Now service is only a proxy object: every call is physically executed wherever you ran the run_server.py script, which can be a totally different computer (within a network broadcast domain), but you don’t even know:

>>> print(service.status())
>>> service.train(corpus)
>>> service.index(other_corpus)
>>> service.find_similar(query)
>>> ...

It is worth mentioning that Irmen, the author of Pyro, also released Pyrolite recently. That is a package which allows you to create Pyro proxies also from Java and .NET, in addition to Python. That way you can call remote methods from there too—the client doesn’t have to be in Python.

Concurrency

Ok, now it’s getting interesting. Since we can access the service remotely, what happens if multiple clients create proxies to it at the same time? What if they want to modify the server index at the same time?

Answer: the SessionServer object is thread-safe, so that when each client spawns a request thread via Pyro, they don’t step on each other’s toes.

This means that:

  1. There can be multiple simultaneous service.find_similar queries (or, in general, multiple simultaneus calls that are “read-only”).
  2. When two clients issue modification calls (index/train/delete/drop_index/...) at the same time, an internal lock serializes them – the later call has to wait.
  3. While one client is modifying the index, all other clients’ queries still see the original index. Only once the modifications are committed do they become “visible”.

What do you mean, visible?

The service uses transactions internally. This means that each modification is done over a clone of the service. If the modification session fails for whatever reason (exception in code; power failure that turns off the server; client unhappy with how the session went), it can be rolled back. It also means other clients can continue querying the original index during index updates.
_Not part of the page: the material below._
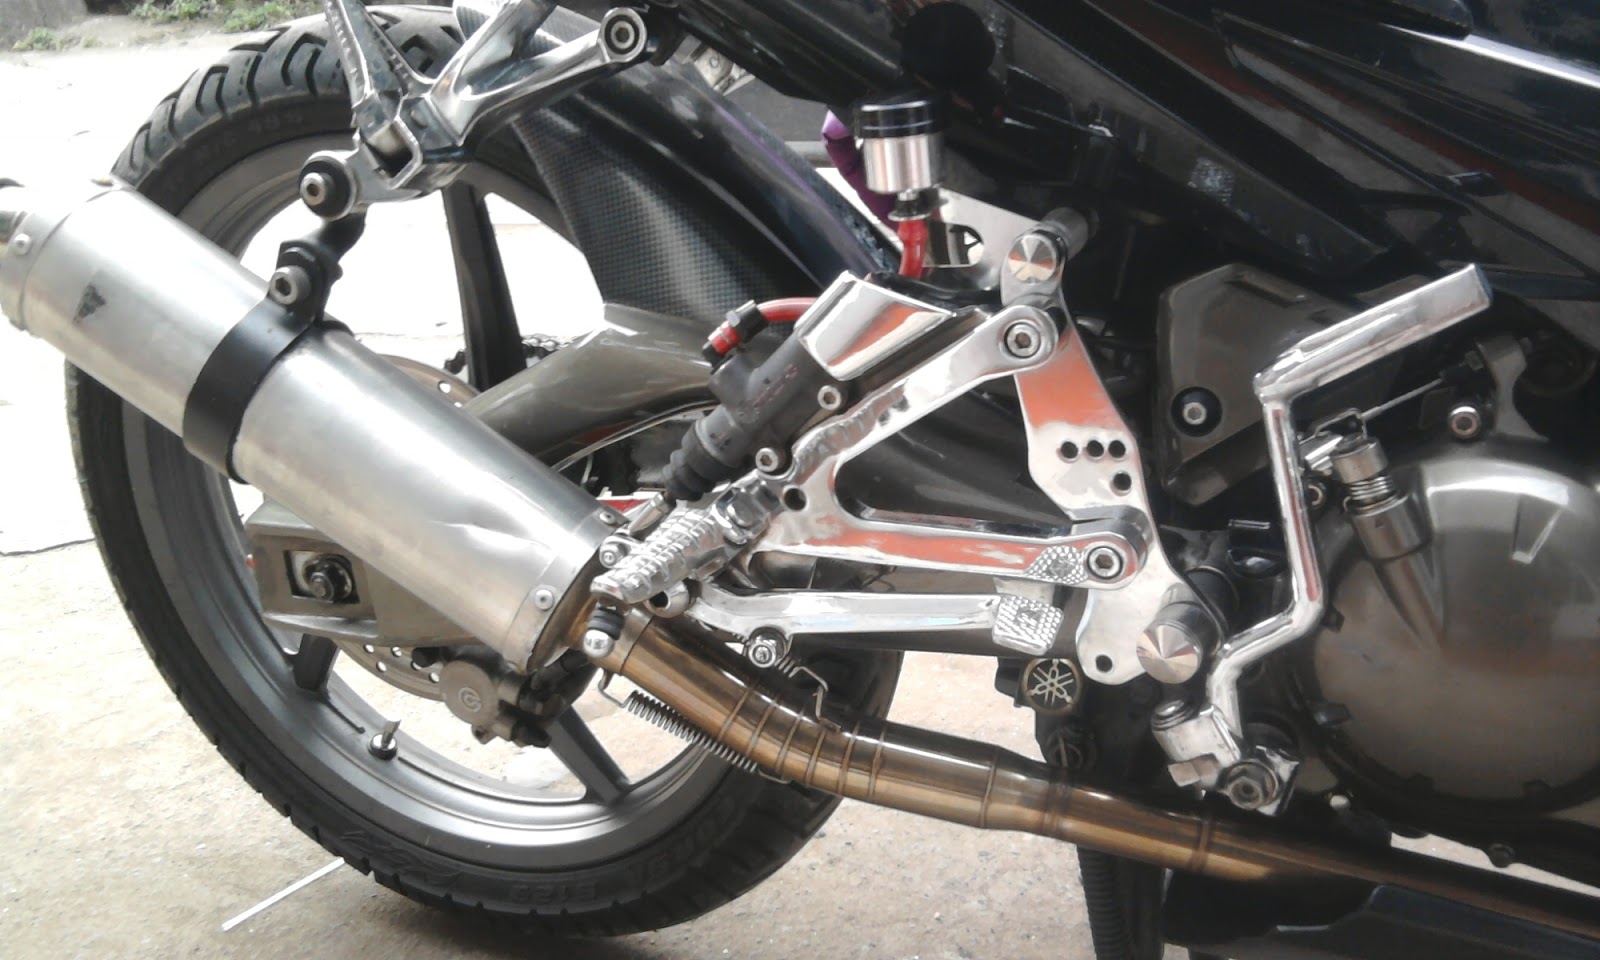  Modifikasi  Motor Yamaha 2019 Modifikasi Warna Jupiter Mx Lama

The mechanism is hidden from users by default through auto-committing (it was already happening in the examples above too), but auto-committing can be turned off explicitly:

>>> service.set_autosession(False)
>>> service.train(corpus)
RuntimeError: must open a session before modifying SessionServer
>>> service.open_session()
>>> service.train(corpus)
>>> service.index(corpus)
>>> service.delete(doc_ids)
>>> ...

None of these changes are visible to other clients, yet. Also, other clients’ calls to index/train/etc will block until this session is committed/rolled back—there cannot be two open sessions at the same time.

To end a session:

>>> service.rollback() # discard all changes since open_session()

or:

>>> service.commit() # make changes public; now other clients can see changes/acquire the modification lock

Other stuff

TODO Custom document parsing (in lieu of utils.simple_preprocess). Different models (not just lsi). Optimizing the index with service.optimize(). TODO add some hard numbers; example tutorial for some bigger collection, e.g. for arxiv.org or wikipedia.